I forgot to add, and I still can't believe it, but I did every single nail and piece in this thing with no help by myself. I guess If you want to do something bad enough you will find a way lol


----------



## hyunelan2 (Aug 14, 2007)

Looks nice, great progress and pictures. I want one!


----------



## DexterII (Jul 14, 2010)

Good job. Your framing is fine; it will dry once you get it covered. Now, it's really great to be able to say "I did it", but it looks like you live in a nice neighborhood, which I am sure has a lot of nice people, so as your aching body has already told you, get some help before trying to lift the sheathing up to the roof, etc.


----------



## J S Machine (Oct 6, 2009)

This site used to have alot more replies. Where did all the help go? 

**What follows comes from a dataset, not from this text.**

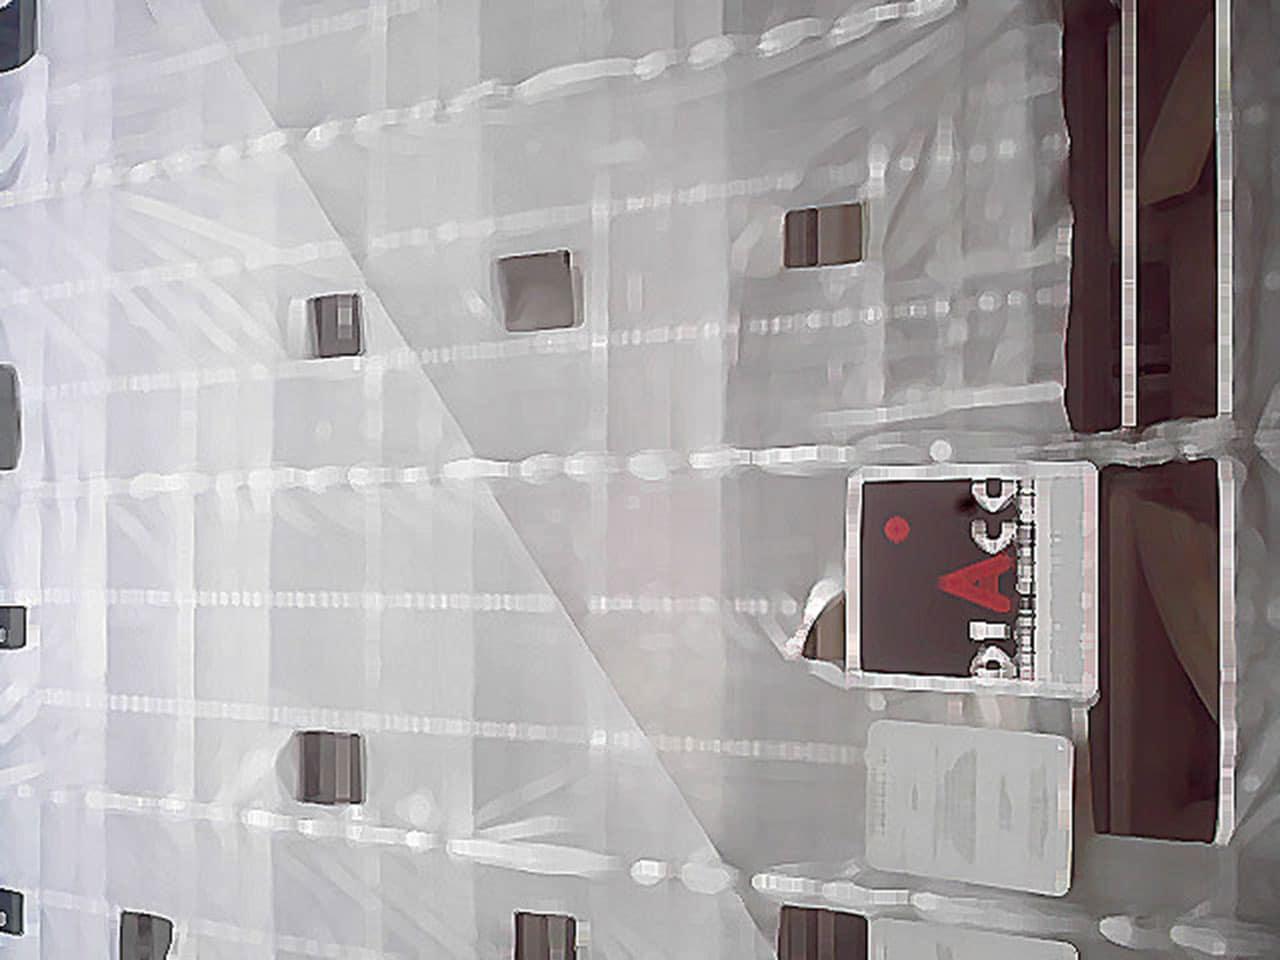 Echafaudage ravalement de façade - CC by Alainlele

I'm wondering if I have everything I need in my roof framing. Do I need to have some bracing up there of some sort? It just doesn't seem supported enough for me.


----------



## SteelToes (Oct 5, 2010)

J S Machine said:


> This site used to have alot more replies. Where did all the help go?
> 
> I'm wondering if I have everything I need in my roof framing. Do I need to have some bracing up there of some sort? It just doesn't seem supported enough for me.


Looks nice!
But where is the foam sill-plate gasket ?
Also how did you attach those bottom plates to the slab ?


----------



## J S Machine (Oct 6, 2009)

SteelToes said:


> Looks nice!
> But where is the foam sill-plate gasket ?
> Also how did you attach those bottom plates to the slab ?



No foam gasket was ever mentioned as a requirement by the building inspector here in AL. I've never seen a house in construction with them either. The plates are attached with 1/2" concrete anchors.


----------



## waterman1971 (Apr 19, 2009)

Great job JS outstanding! If you can do all that in a few days, the shingles will be easy.


----------



## SteelToes (Oct 5, 2010)

J S Machine said:


> No foam gasket was ever mentioned as a requirement by the building inspector here in AL. I've never seen a house in construction with them either. The plates are attached with 1/2" concrete anchors.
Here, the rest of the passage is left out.